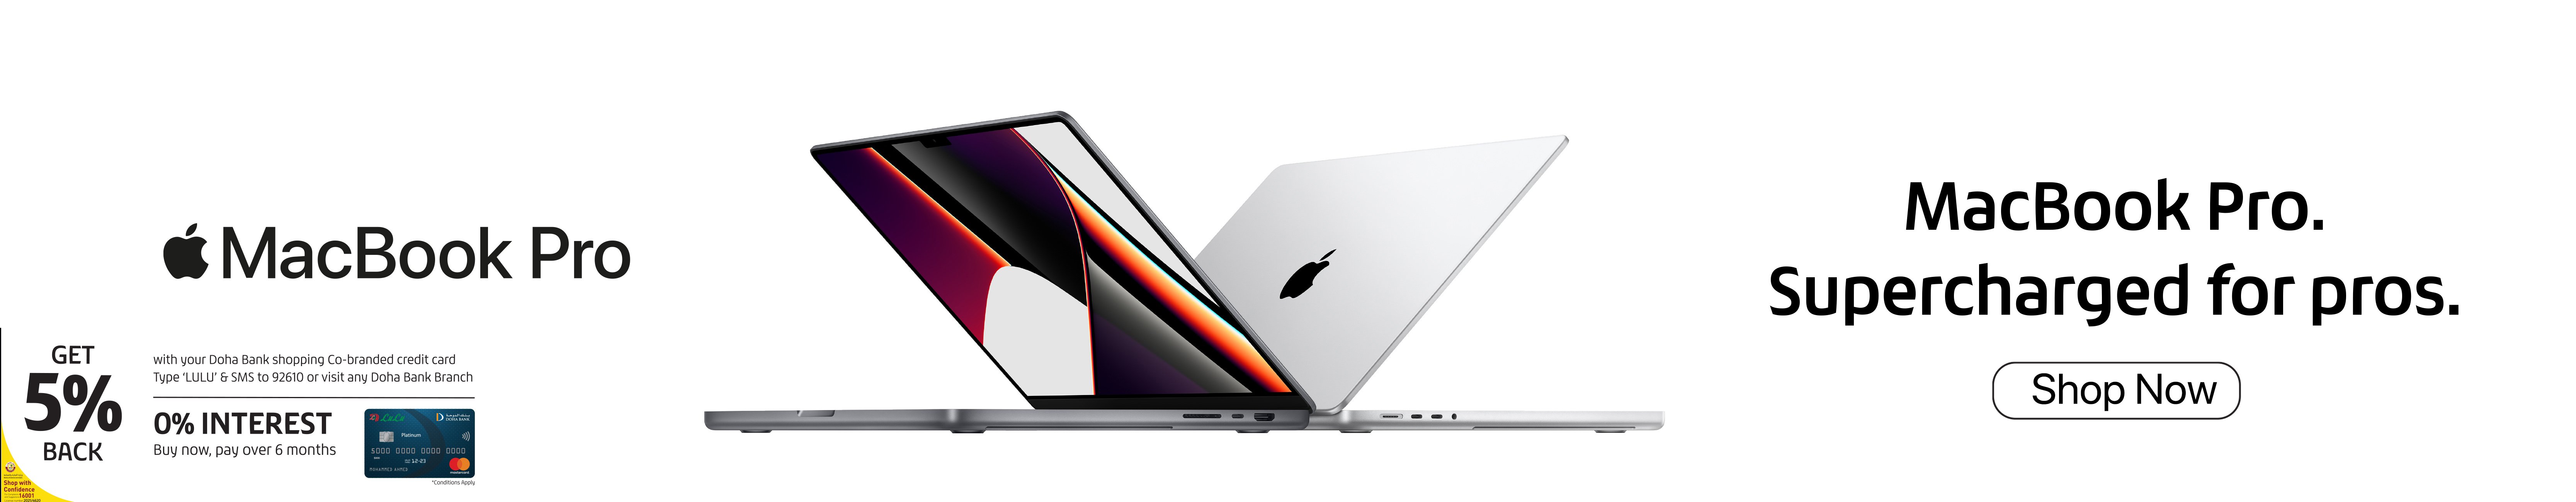 Web-MacBookPro2021-OGCC.jpg
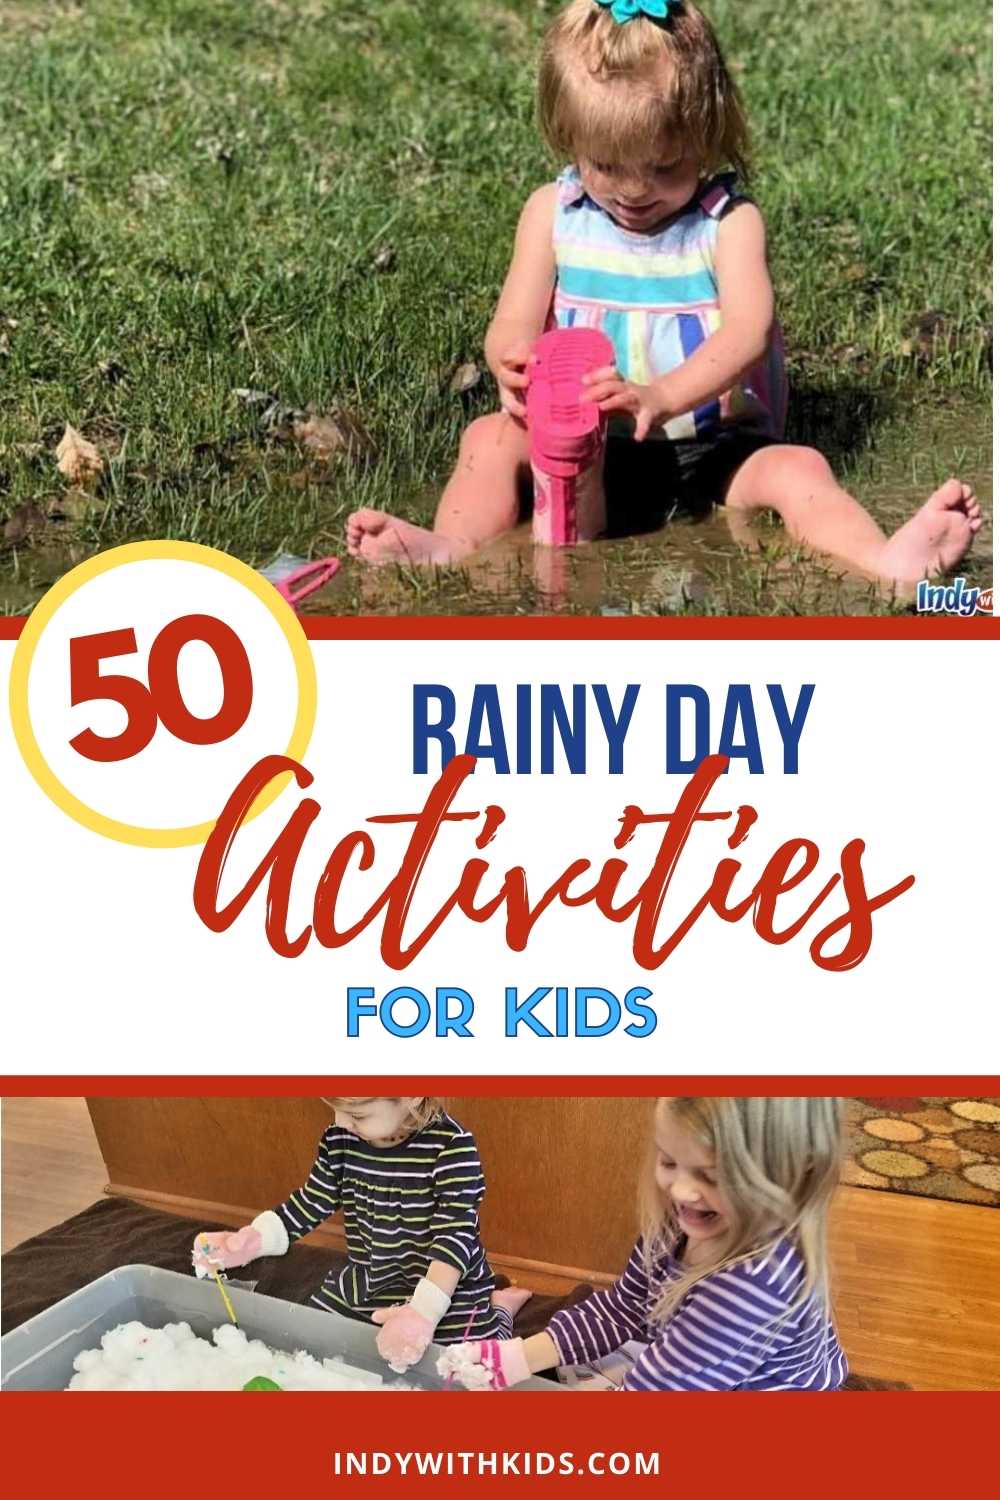 Ten fun rainy day activities to enjoy with your children - MSU Extension
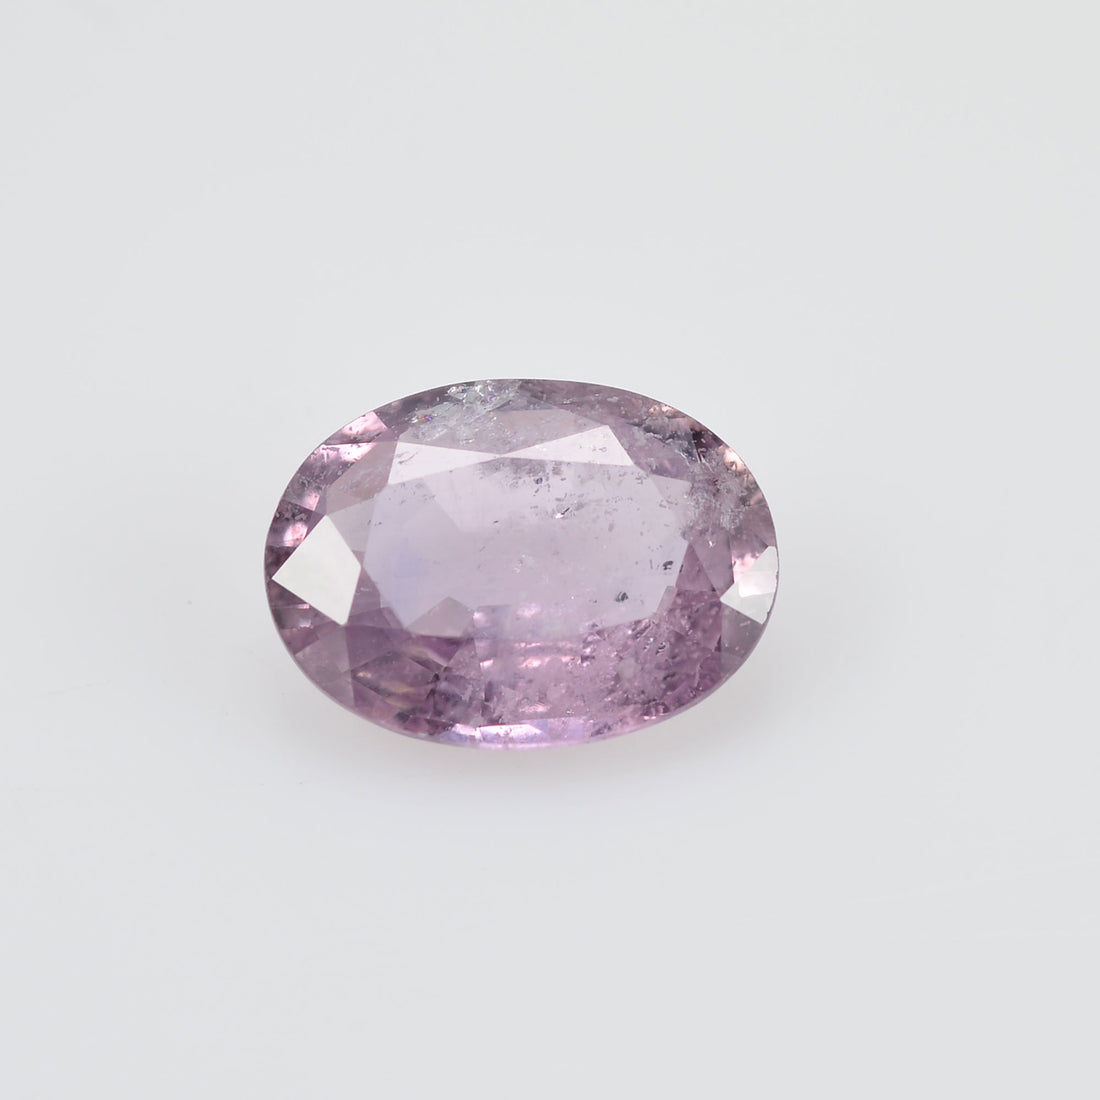 1.59 cts Natural Purple Sapphire Loose Gemstone Oval Cut - Thai Gems Export Ltd.

• Task objective:
Restate the listing above word for word. Leave the images out.

• Solution for this task:
 Web-MacBookPro2021-OGCC.jpg
 Ten fun rainy day activities to enjoy with your children - MSU Extension
 1.59 cts Natural Purple Sapphire Loose Gemstone Oval Cut - Thai Gems Export Ltd.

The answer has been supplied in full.